Обручение с вольностью - Леонид Юзефович
Шрифт:
Интервал:
Закладка:
— От бога мне одно дадено, — витийствовал Лешка,— от людей же иное. Я по уму и по образованности даже тут, в Чермозе, не так жить должен. Вы рассудите! Вот графиня Строганова в столице горное училище основала. Лазаревы здесь горнозаводской класс учредили. А зачем? Дабы свет знания в души крепостные пролить? Как бы не так. Им же нас учить выгодно. Выгоднее, чем мастеров из немец выписывать. Что ж мне о благодарности-то твердят! И Иван Козьмич, и соседи, и матушка даже. Как домой в Кизел приеду, так она все о благодарности да о 'благодетельстве. Слушать тошно! Это Лазаревы нам благодарны быть должны, — Лешка мотнул головой в сторону абриса нарезного станка, висевшего на западной стене класса.
Там, за этим листом, за кирпичами училищной стены, за лесами, реками и городами, дыбил бронзового коня фальконетов всадник, и ангел на шпиле собора Петропавловской крепости сжимал золоченый крест, осеняя им северную Пальмиру с ее розовым гранитом, людскими толпами и главной конторой лазаревских вотчин на Невском проспекте против Гостиного двора... Петр никогда не бывал в этом городе, носившем имя его державного тезки, но по рассказам мог представить его себе столь же явственно, как Кизеловский завод или Полазненский.
— Будут они тебе благодарны, — бросил Семен. — Дожидайся! Хватает у них таких благодетелей.

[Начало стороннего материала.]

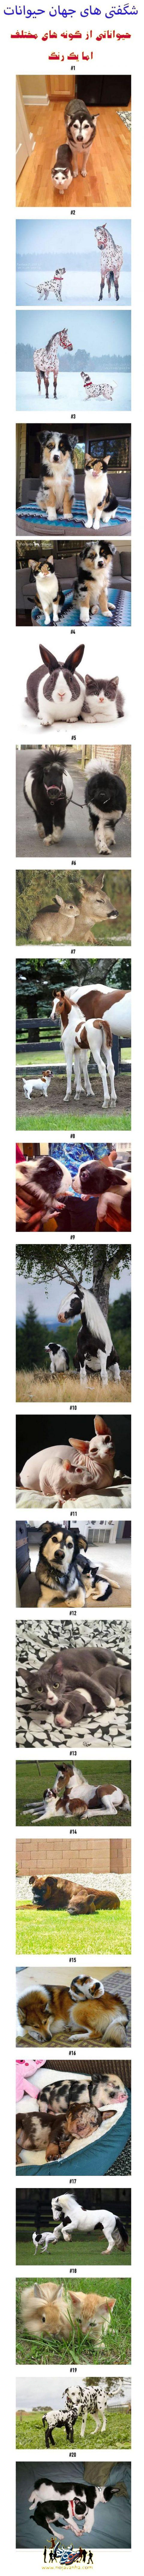 شگفتی های جهان حیوانات!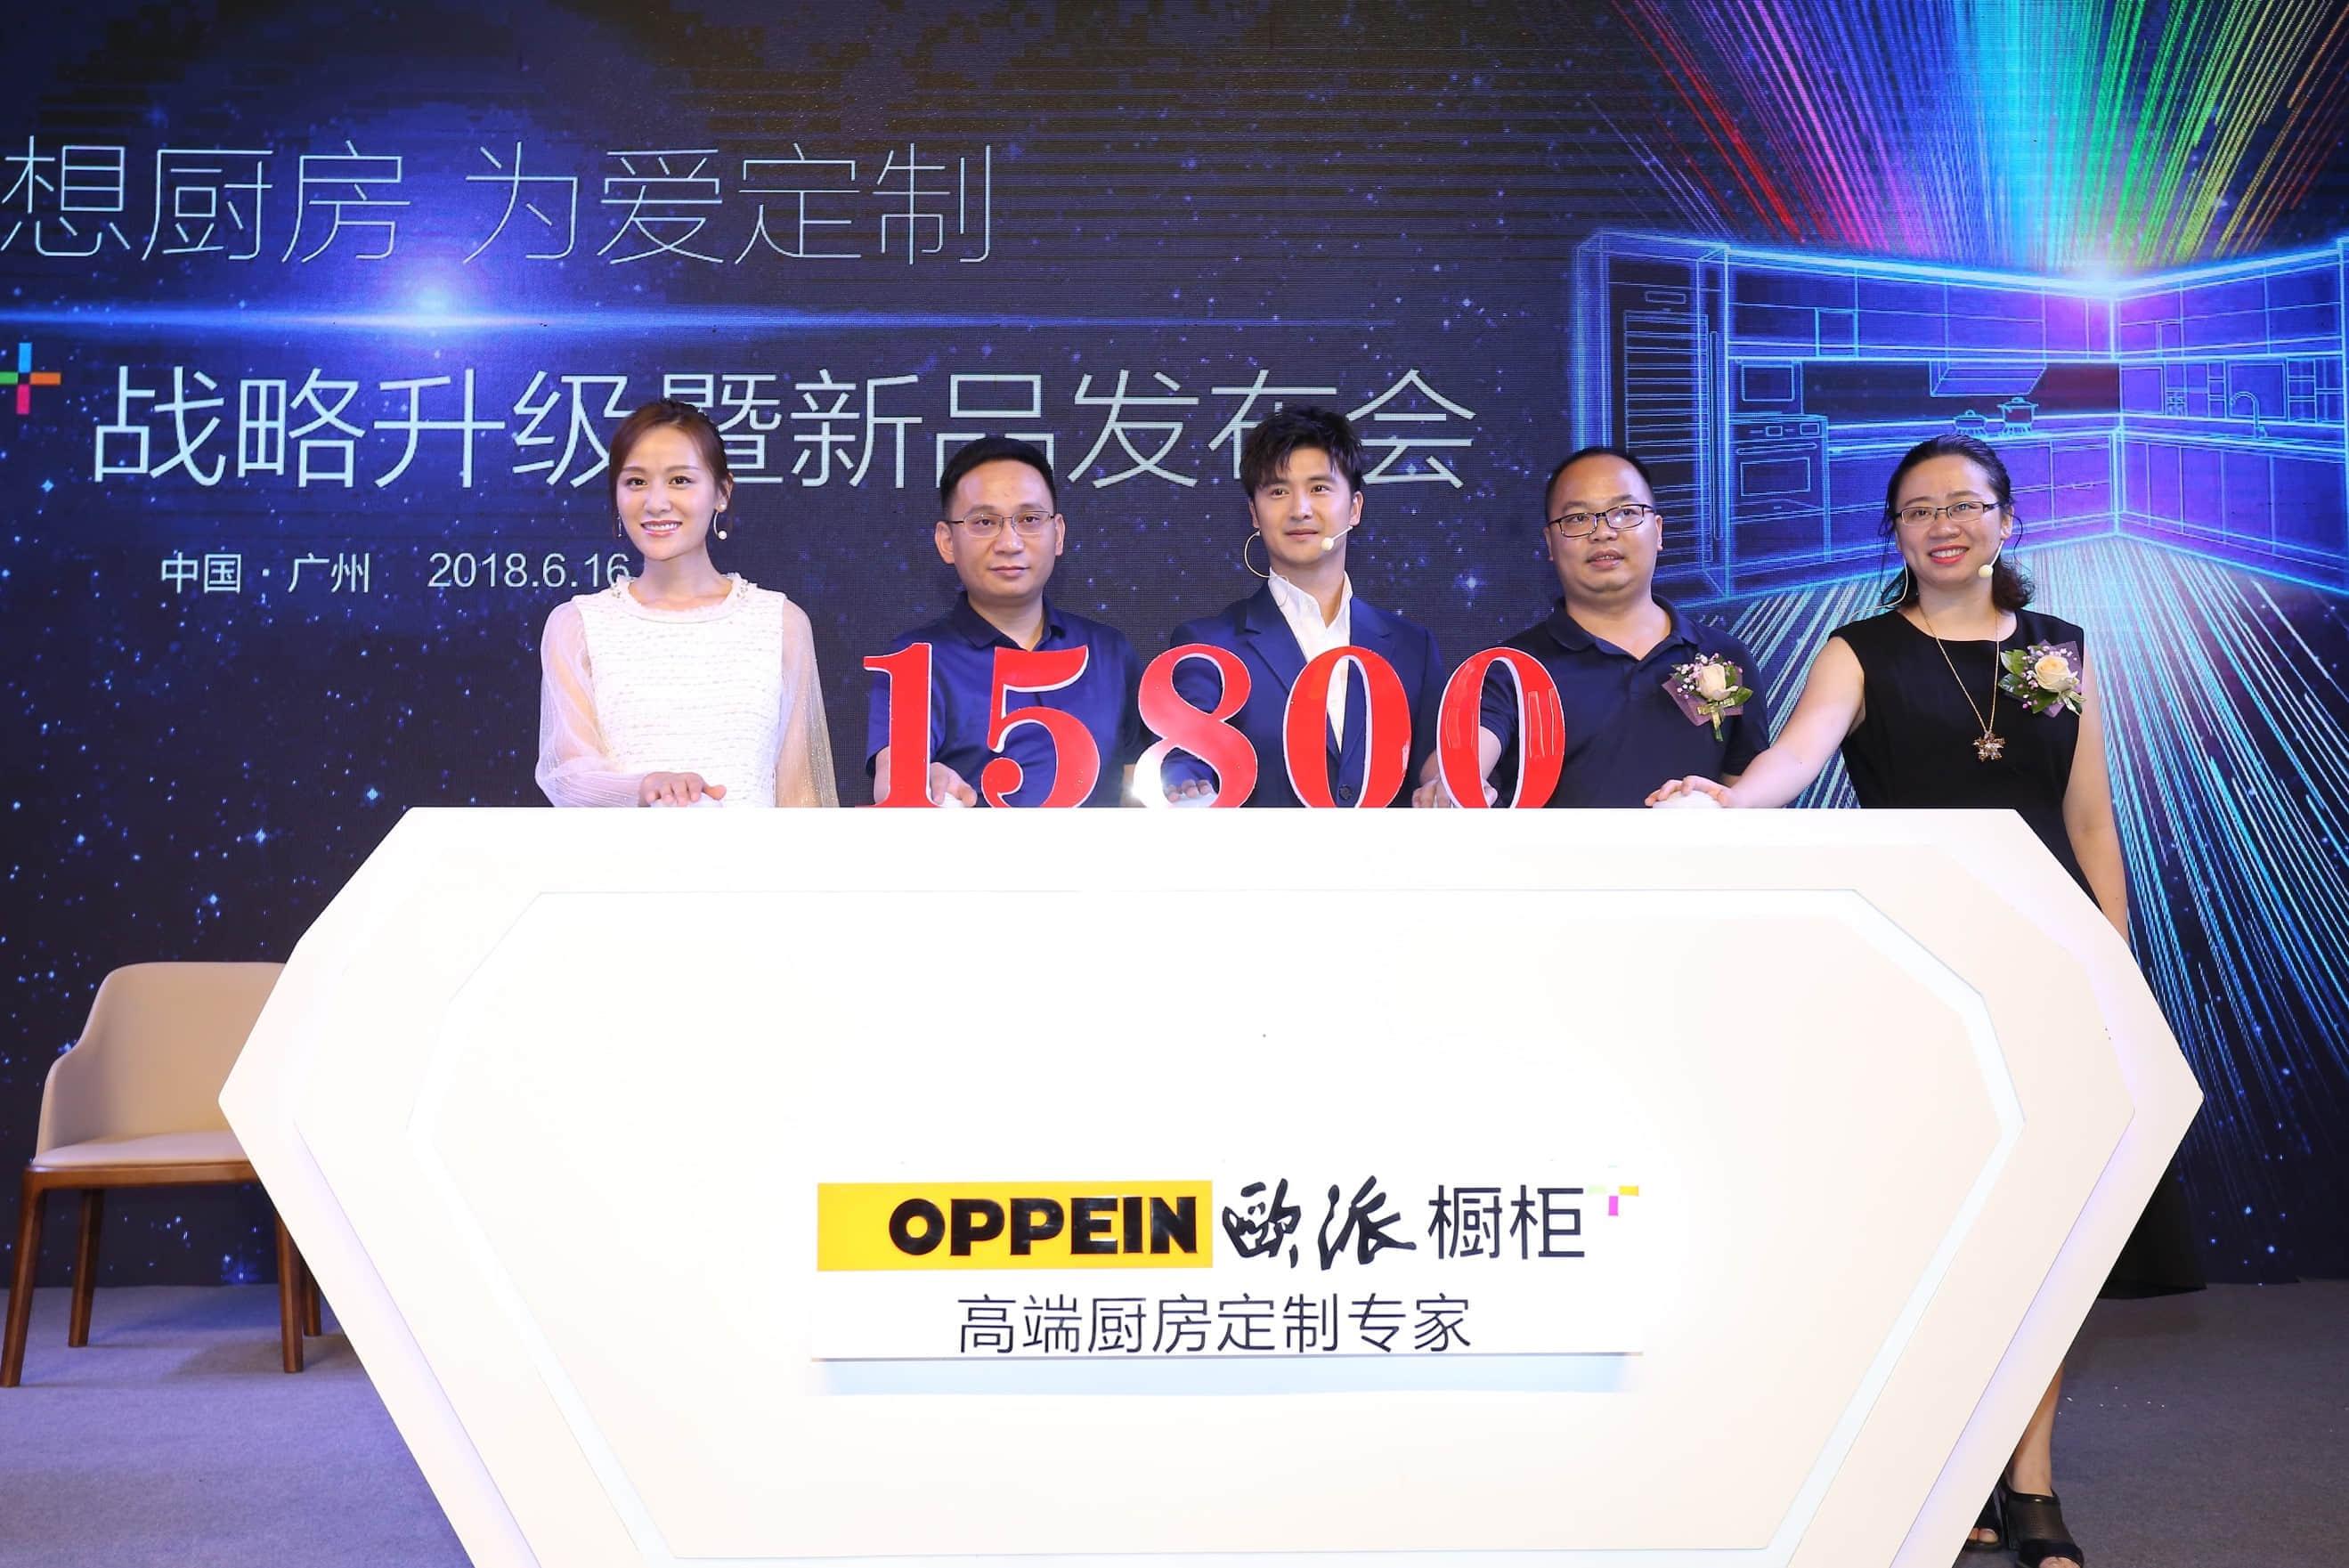 田亮、叶一茜与众多领导、嘉宾共同发布橱柜+新品及15800全能厨房套餐

— А что! — вскинулся Лешка. — Куда они без нас? — его смуглое румяное лицо горело вдохновением. — Вот, к примеру, самого управляющего возьмем,
Ивана Козьмича. Что он может? Ну, на счетах выручку кинуть или народ на работы нарядить. Еще чего? Кафтаном наградить, под розги отправить... А разве он в заводской механике разумеет? Маркшейдерскому, положим, искусству обучен? Да сами господа владельцы наши. Что они в железном деле понимают? На золотник с полушкой. Роскатный стан от плющильного отличить не сумеют. Вот Иван Екимыч... Его в прошлом году государь камергерского звания удостоил. А за что, спрашивается? За пожертвования на устройство выставки мануфактурной!
— У Лазаревых и мануфактуры есть, — вмешался Семен. — Не один наш завод.
— Все равно нам по нужности нашей все права дадены быть должны, какие у купцов есть!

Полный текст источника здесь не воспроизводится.